This is purely simulate the problem. Reference code can be found here

vector<pair<int, int>> dirs = {{0, 1},{0, -1},{1, 0},{-1, 0}};
class UF{
    public:
    vector<int> roots;
    
    UF(int N){
        roots.assign(N, 0);
        for (int i = 0; i < N; ++i) roots[i] = i;
    }
    int findSet(int i) {
        return roots[i] == i ? i : roots[i] = findSet(roots[i]);
    }
    void unionSet(int i, int j) {
        int x = findSet(i), y =findSet(j);
        if (x == y) return;
        roots[x] = y;
    }
};
class Solution {
public:
    int n , m;
    vector<vector<int>> grid;
    void dfs(int i, int j, vector<vector<int>>& grid1, UF& uf) {
        grid1[i][j] = 0;
        int r = 0, c = 0;
        for (auto [di, dj] : dirs){
            r = i + di, c = j + dj;
            if (r < 0 || r >= n || c < 0 || c >= m || grid1[r][c] == 0) continue;
            grid1[r][c] = 0;
            uf.unionSet(i*m + j, r*m + c);
            dfs(r, c, grid1, uf);
        }
        return;
    }
     bool dfs2(int i, int j,  vector<vector<int>>& grid2,UF& uf,int root){
        grid2[i][j] = 0;
        bool good = true;
        int r = 0, c = 0;
        for (auto [di, dj] : dirs){
            r = i + di, c = j + dj;
            if (r < 0 || r >= n || c < 0 || c >= m || grid2[r][c] == 0) continue;
            grid2[r][c] = 0;
            auto newroot = uf.findSet(r*m + c);
            if (newroot != root) good = false;
            bool thisgood = dfs2(r, c, grid2, uf, root);
            if (!thisgood) good = false;
        }
         return good;
     }
    int countSubIslands(vector<vector<int>>& grid1, vector<vector<int>>& grid2) {
        this->grid = grid1;
        const int n = grid1.size(), m = grid1[0].size();
        this->n = n;
        this->m = m;
        UF uf(n*m);
        for (int i = 0; i < n; ++i){
            for (int j = 0; j < m; ++j){
                if (grid1[i][j]) {
                    dfs(i, j, grid1, uf);
                } 
            }
        }
        int ret = 0;
         for (int i = 0; i < n; ++i){
            for (int j = 0; j < m; ++j){
                if (grid2[i][j]) {
                    int root = uf.findSet(i*m + j);
                    ret += dfs2(i, j, grid2, uf,root) && grid[i][j];
                }
            }
        }
        return ret;
    }
};

using purely DFS

We can also solve it by using purely DFS, the checking is pretty simple:

For each element of the island from grid2, we check whether the corresponding element in grid1 is 1, if all of them is 1, then it is a sub island, if not, then it is not a sub island.
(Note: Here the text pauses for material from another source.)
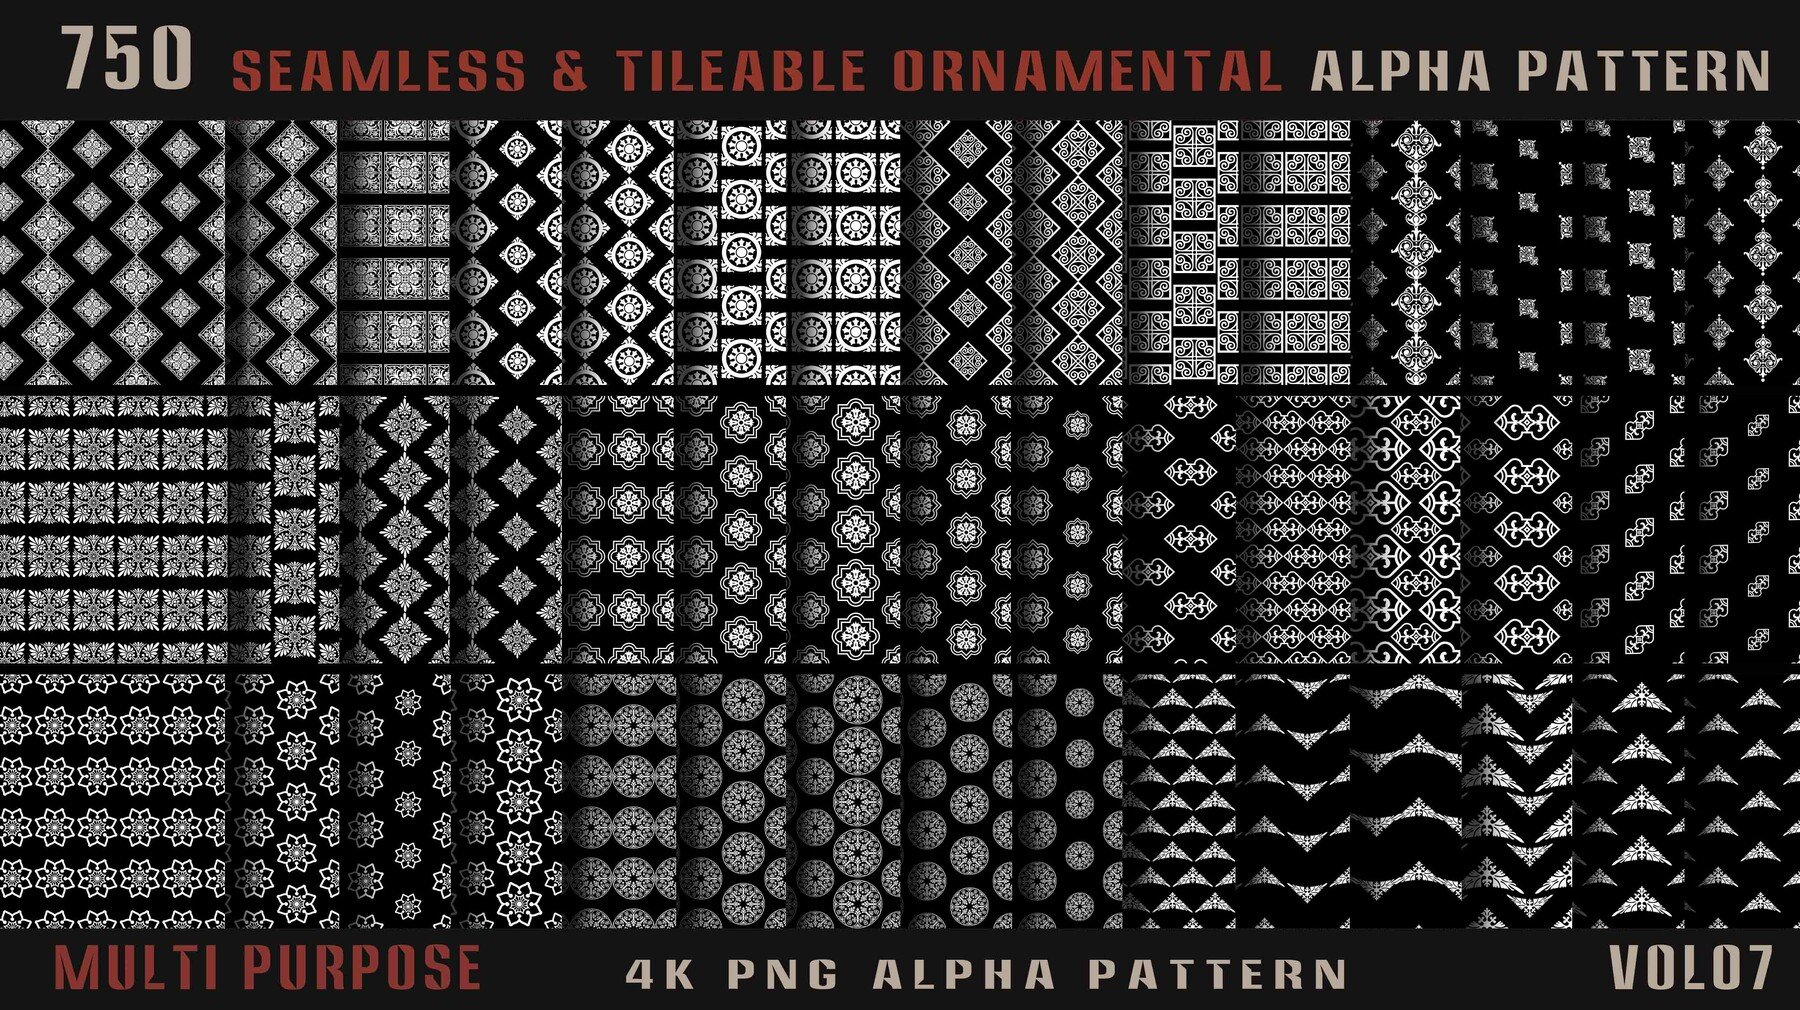 4437 750组武器无缝图案4k高清装饰花纹Alpha贴图合集 750 seamless & tileable ornamental alpha pattern + (50 free) -Vol07

You can understand this by building some examples. Then the problem can be solved by using simple DFS or BFS.

vector<pair<int, int>> dirs = {{0, 1},{0, -1},{1, 0},{-1, 0}};
class Solution {
public:
    int n , m;
    vector<vector<int>> grid1;
     bool dfs(int i, int j, vector<vector<int>>& grid2){
        bool good = true;
        grid2[i][j] = 0;
        if (grid1[i][j] == 0) good = false;
        int r = 0, c = 0;
        for (auto [di, dj] : dirs){
            r = i + di, c = j + dj;
            if (r < 0 || r >= n || c < 0 || c >= m || grid2[r][c] == 0) continue;
            bool thisgood = dfs(r, c, grid2);
            if (!thisgood) good = false;
        }
         return good;
     }
    int countSubIslands(vector<vector<int>>& grid1, vector<vector<int>>& grid2) {
        this->grid1 = grid1;
        const int n = grid1.size(), m = grid1[0].size();
        this->n = n;
        this->m = m;
        int ret = 0;
        for (int i = 0; i < n; ++i){
            for (int j = 0; j < m; ++j){
                if (grid2[i][j]) {
                    auto thisret = dfs(i, j, grid2);
                    ret += thisret;
                }
            }
        }
        return ret;
    }
};

using purely BFS

We can also use BFS.

vector<pair<int, int>> dirs = {{0, 1},{0, -1},{1, 0},{-1, 0}};
class Solution {
public:
    int n , m;
    vector<vector<int>> grid1;
     bool bfs(int i, int j, vector<vector<int>>& grid2){
        bool good = true;
         queue<pair<int, int>> Q;
         Q.emplace(i, j);
         grid2[i][j] = 0;
         while(!Q.empty()){
             auto [i, j] = Q.front();Q.pop();
             if (grid1[i][j] == 0) good = false;
             for (auto [di, dj]: dirs){
                 int r = i + di, c = j + dj;
                 if (r < 0 || r >= n || c < 0 || c >= m || grid2[r][c] == 0) continue;
                 Q.emplace(r, c);
                 grid2[r][c] = 0;
             } 
         }
          return good;
     }
    int countSubIslands(vector<vector<int>>& grid1, vector<vector<int>>& grid2) {
        this->grid1 = grid1;
        const int n = grid1.size(), m = grid1[0].size();
        this->n = n;
        this->m = m;
        int ret = 0;
        for (int i = 0; i < n; ++i){
            for (int j = 0; j < m; ++j){
                if (grid2[i][j]) {
                    auto thisret = bfs(i, j, grid2);
                    ret += thisret;
                }
            }
        }
        return ret;
    }
};